There are a number of reasons why the International Whaling Commission (IWC) failed to come to agreement over a proposed ten-year 'compromise' package this week. The task that the organization had set itself at this year's annual meeting was to find some form of common ground between whalers and non-whalers, to break a seemingly never-ending deadlock and resolve a situation where whaling, while ostensibly illegal, has for the past several years been increasing.
The state of progress was a mystery to most observers until the moment of denouement: commissioners huddled in private meetings from the Monday morning coffee break until, on Wednesday morning, acting chairman Anthony Liverpool announced that agreement was near even though it was, in fact, far:
The Commission agreed that while it was very close to agreement on a number of issues within the proposed consensus decision, there remain major issues upon which more work is required, including such matters as the question of the moratorium, numbers of whales that might be taken, special permit whaling, indigenous whaling, sanctuaries and trade.
So there you have it. The Commission agreed on everything except most of the important matters that needed to be resolved.
Trade was an issue because most nations wanted an agreement that any whales that were hunted under
the deal would be consumed only in the nations whose fleets did the killing; that text remained a sticking point, largely at the insistence of Iceland, which desperately wants to be able to export whale meat to Japan.
As for sanctuaries and the moratorium: well, they were pretty much at the heart of the matter. After all, the IWC voted in 1982 for a moratorium that has ostensibly been in place since 1986; twelve years after that first vote, the Commission adopted a sanctuary in the Southern Ocean that since its inception has been violated as readily as the moratorium, a state of affairs that the deal would allow to continue, even while insisting moratorium and sanctuary would remain in place.
As longtime IWC observer Dr. Sidney Holt pithily pointed out:
How can a rational person claim that one can declare a whale sanctuary, the primary purpose of which is to protect whales from being hunted in that area, and then say that the sanctuary remains but whales can be killed there? How can a rational being claim to be upholding a moratorium [...] but negating its provisions?
And the numbers? Well, there too was an important matter. If anti-whaling governments were to agree to allow whaling to continue at a reduced rate, then the key to their being able to stomach that compromise was just how reduced that rate would be. According to some people I spoke to who have been attending the meeting, the big issue again was Japan's whaling in the Southern Ocean sanctuary and the fact that when Tokyo did table some proposed figures, they were too little, too late.
Those figures are a matter of rumor only, but some reports suggest that Japan was prepared to reduce its Antarctic whaling from its present quota of 935 minke whales and 50 fin whales to a few hundred minkes, perhaps as few as 200 in ten year's time, and a handful of fins. Some observers felt that that was tantamount to Japan throwing in the towel, but given the long and bitter history of disagreements and broken promises in the IWC, it wasn't enough for some. No guarantee of an end to Antarctic whaling, no deal.

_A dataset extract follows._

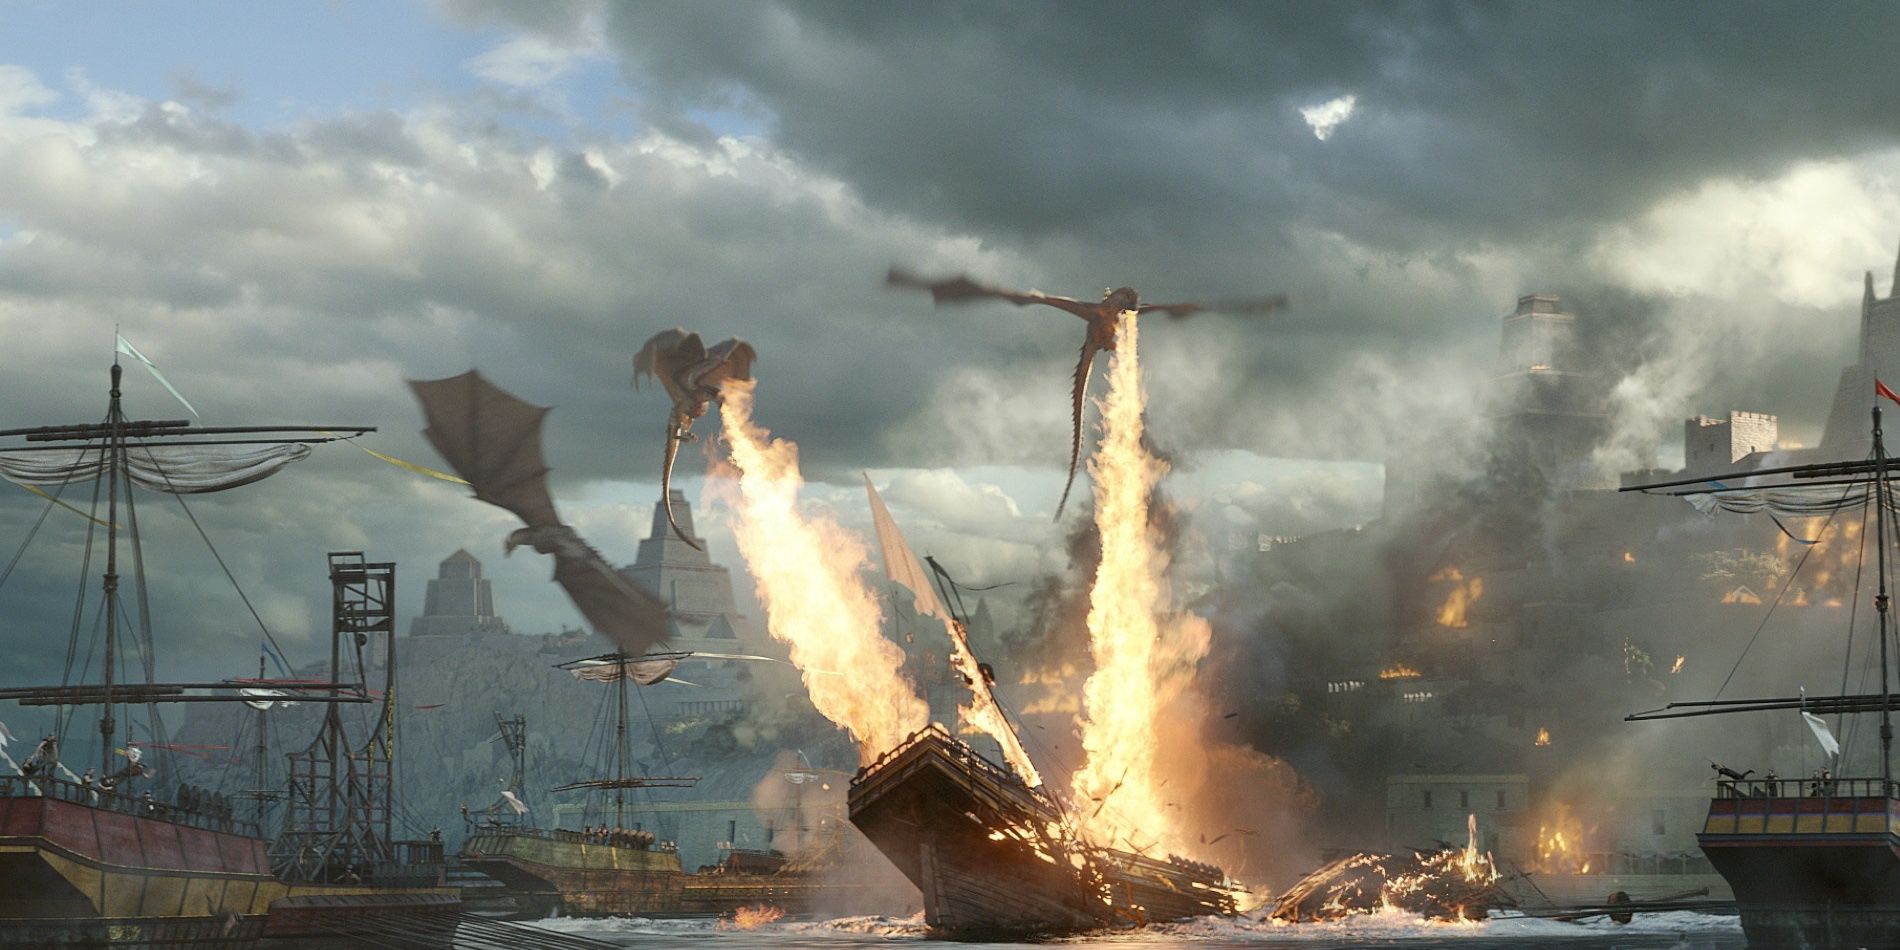 Dragons burning the fleet in Meereen in Game of Thrones

What happens next is uncertain. Some of those involved in negotiations have proposed a cooling off period and a return to discussions twelve months hence, with the existing draft agreement as the basis. Others suggest scrapping the whole thing and either starting over or continuing with the status quo.
Right now, the mood among those involved is somewhat divided between relief and ruefulness. For many environmentalists, the negotiations' failure means their worst nightmare -- a return to sanctioned commercial whaling -- is over, at least for now. Whether that means their dream -- of ending commercial whaling altogether -- is any closer remains to be seen.